■ **What you should do**: Every line of the data below is to be given again as it appears, with the images removed.

═══ Data excerpt ═══

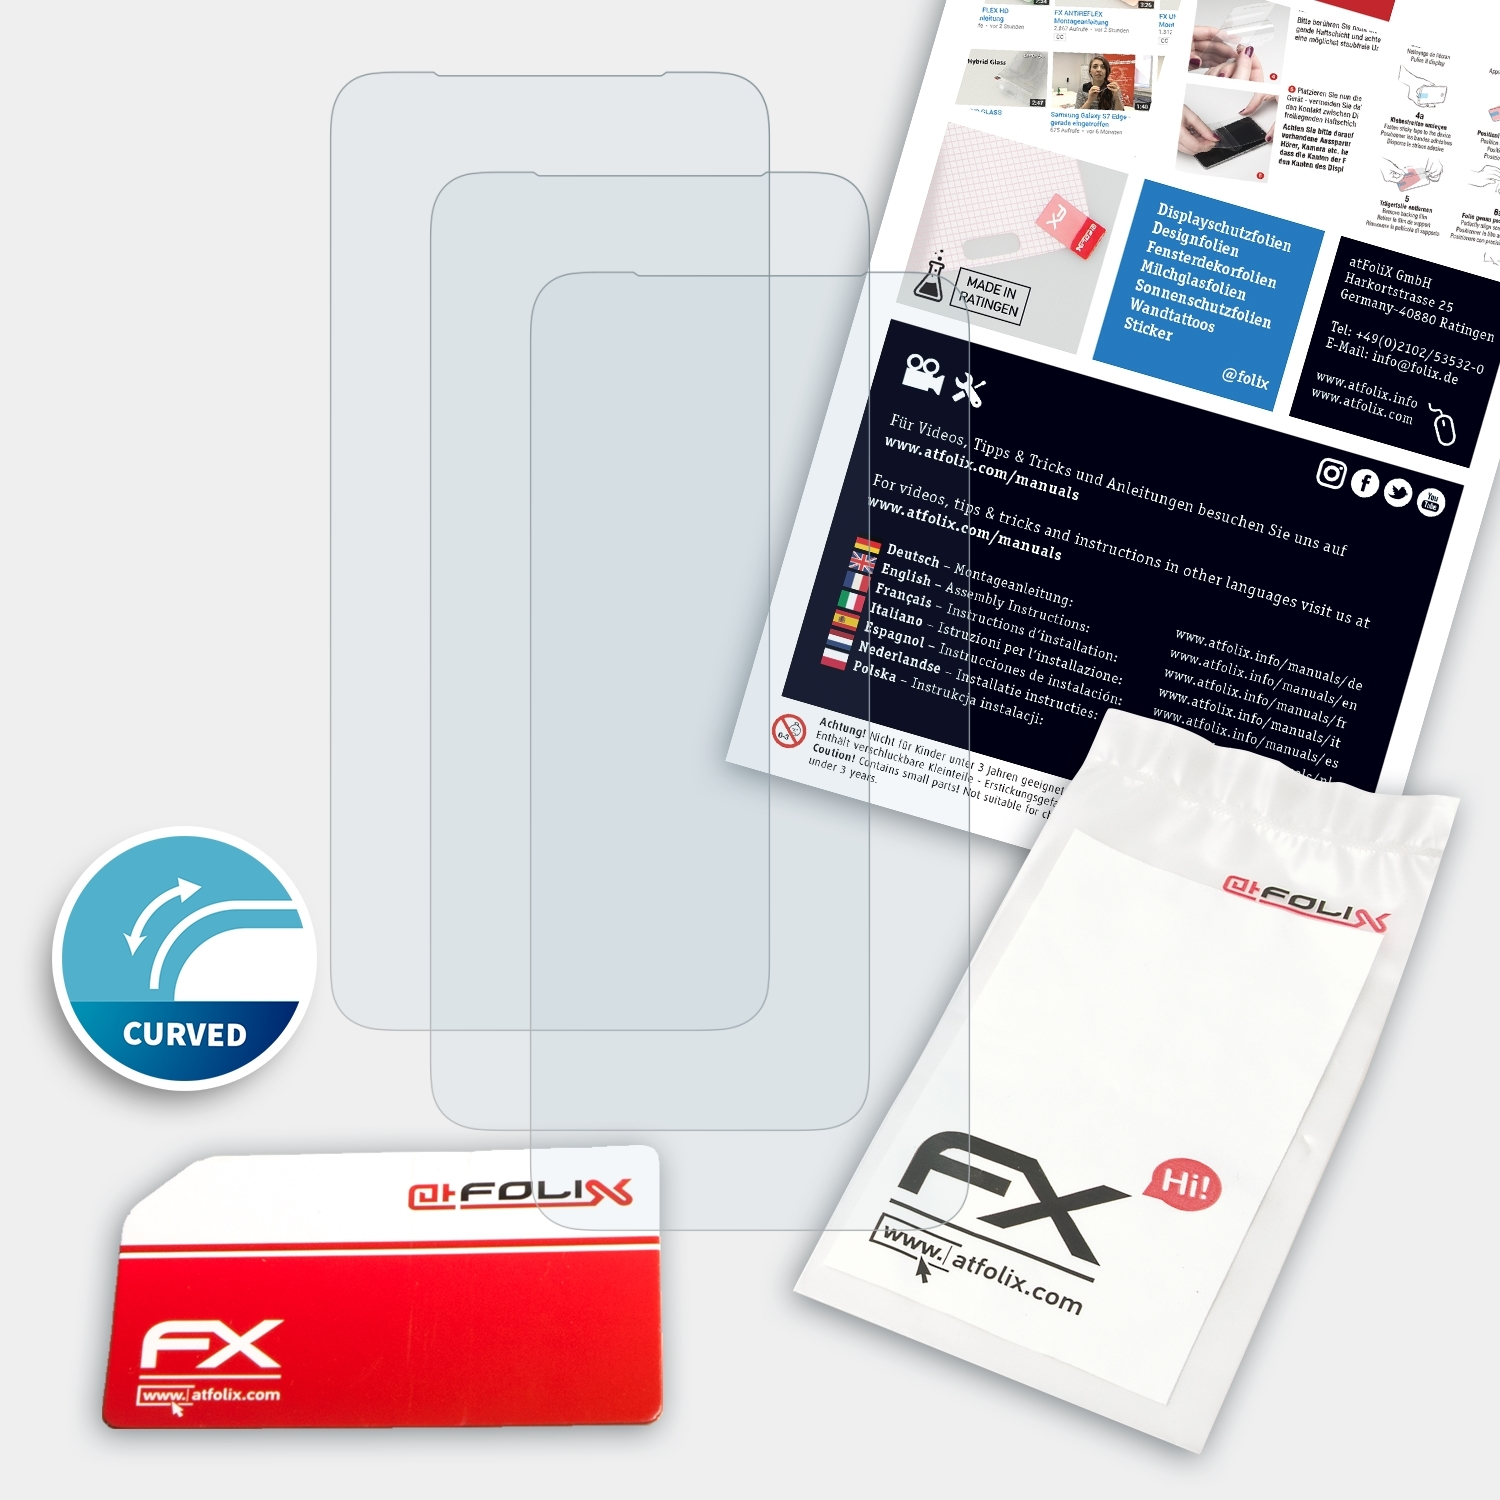 FX-ActiFleX Displayschutz(für ATFOLIX 3x Pro) F11 Oppo
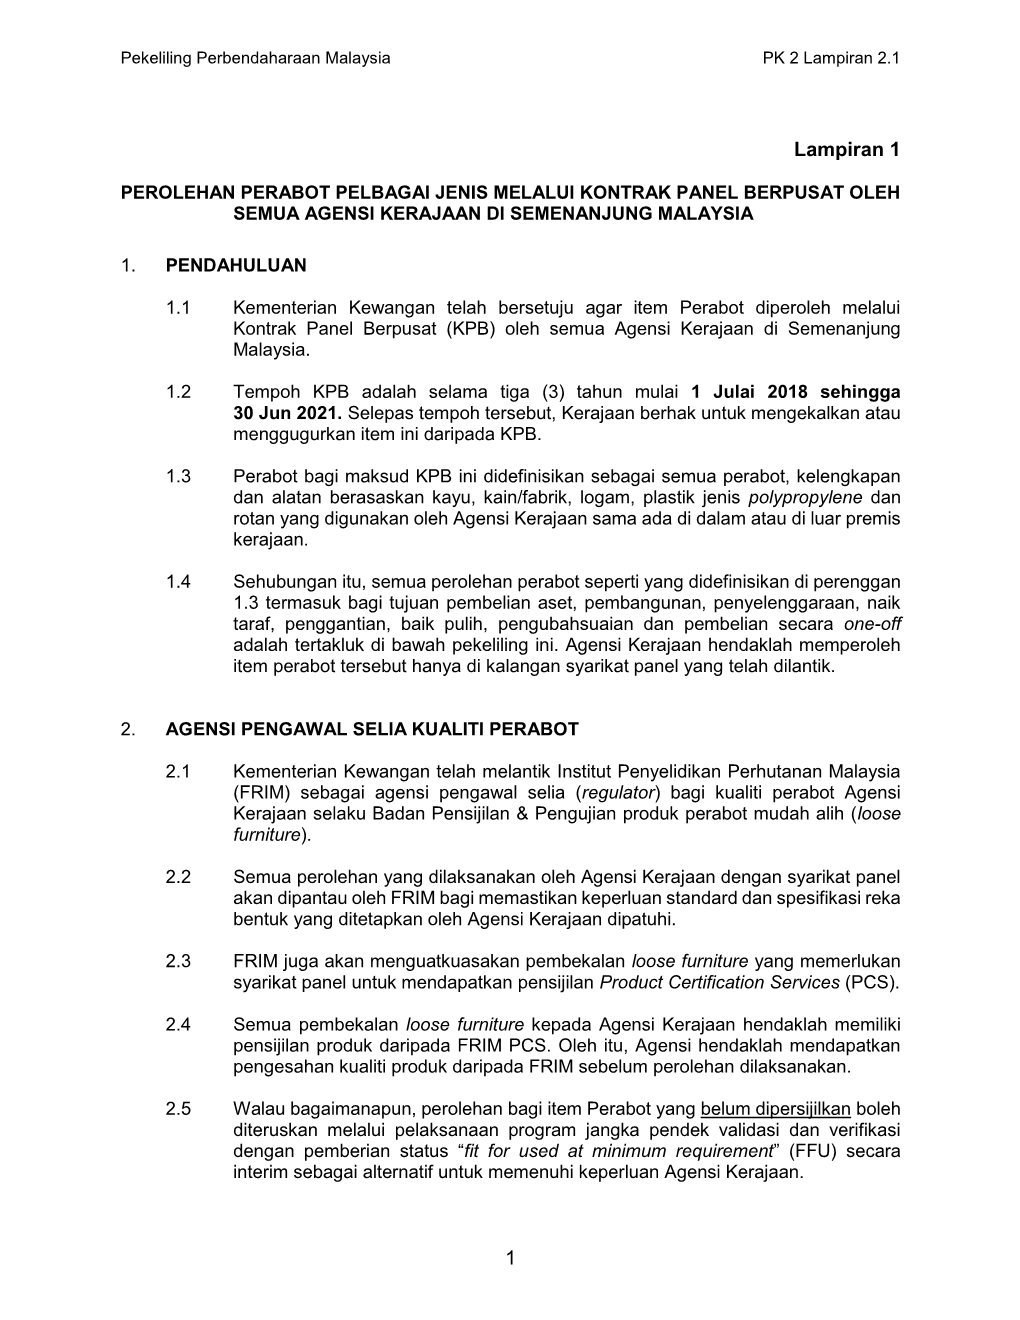 Perolehan Perabot Pelbagai Jenis Melalui Kontrak Panel Berpusat Oleh Semua Agensi Kerajaan Di Semenanjung Malaysia
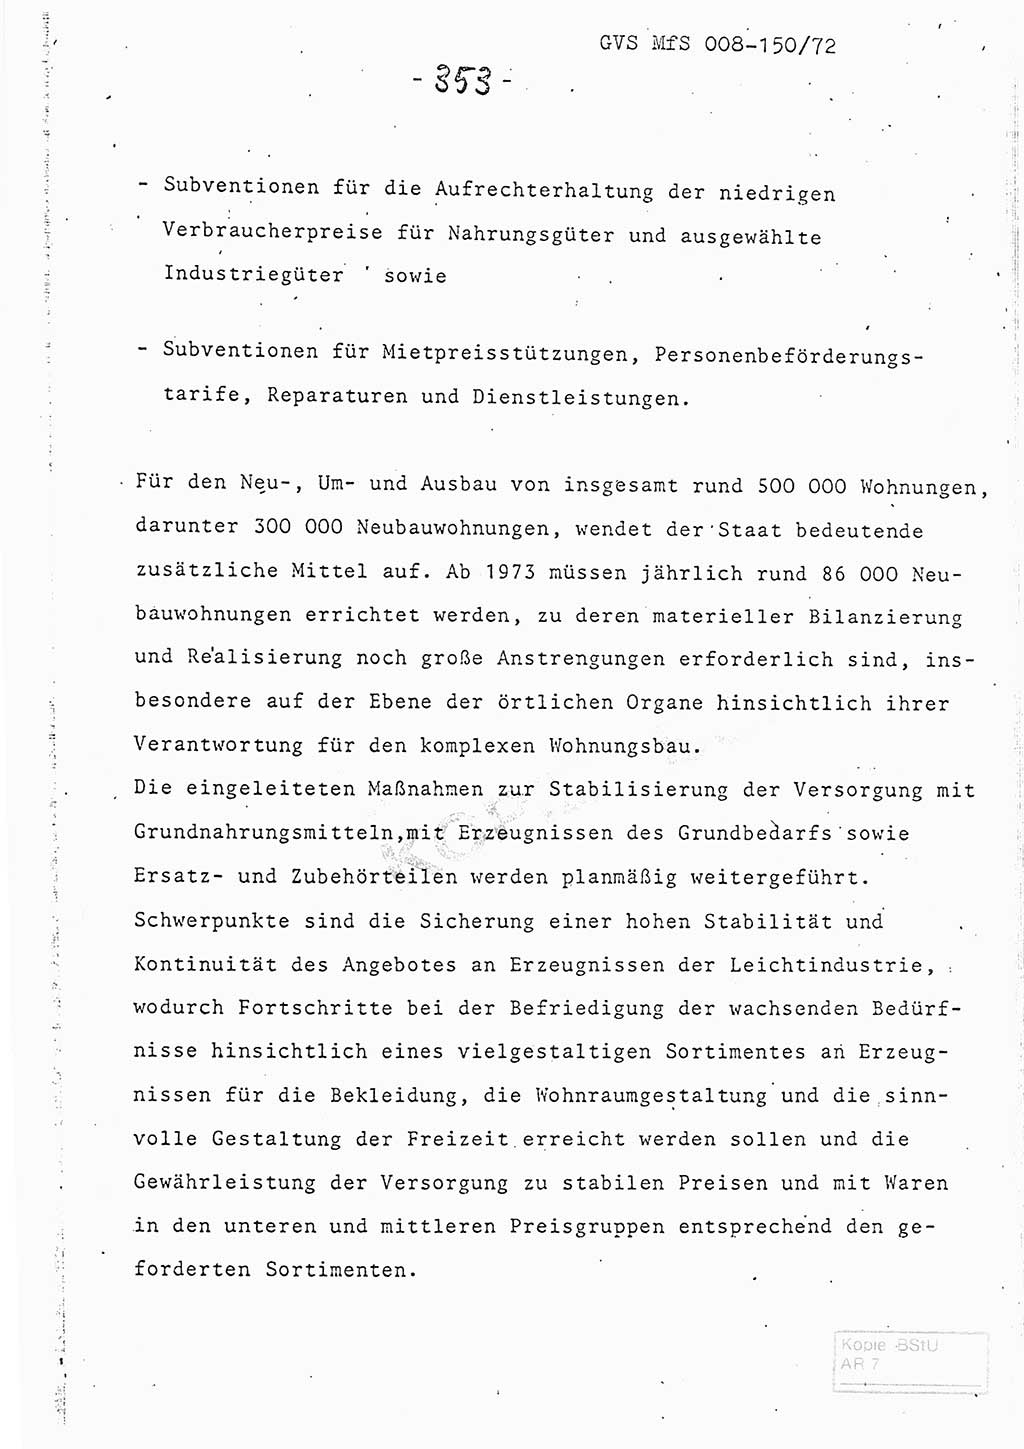 Referat (Entwurf) des Genossen Minister (Generaloberst Erich Mielke) auf der Dienstkonferenz 1972, Ministerium für Staatssicherheit (MfS) [Deutsche Demokratische Republik (DDR)], Der Minister, Geheime Verschlußsache (GVS) 008-150/72, Berlin 25.2.1972, Seite 353 (Ref. Entw. DK MfS DDR Min. GVS 008-150/72 1972, S. 353)

═══

■ **Response to this task**:
 FX-ActiFleX Displayschutz(für ATFOLIX 3x Pro) F11 Oppo
 Perolehan Perabot Pelbagai Jenis Melalui Kontrak Panel Berpusat Oleh Semua Agensi Kerajaan Di Semenanjung Malaysia
 Referat (Entwurf) des Genossen Minister (Generaloberst Erich Mielke) auf der Dienstkonferenz 1972, Ministerium für Staatssicherheit (MfS) [Deutsche Demokratische Republik (DDR)], Der Minister, Geheime Verschlußsache (GVS) 008-150/72, Berlin 25.2.1972, Seite 353 (Ref. Entw. DK MfS DDR Min. GVS 008-150/72 1972, S. 353)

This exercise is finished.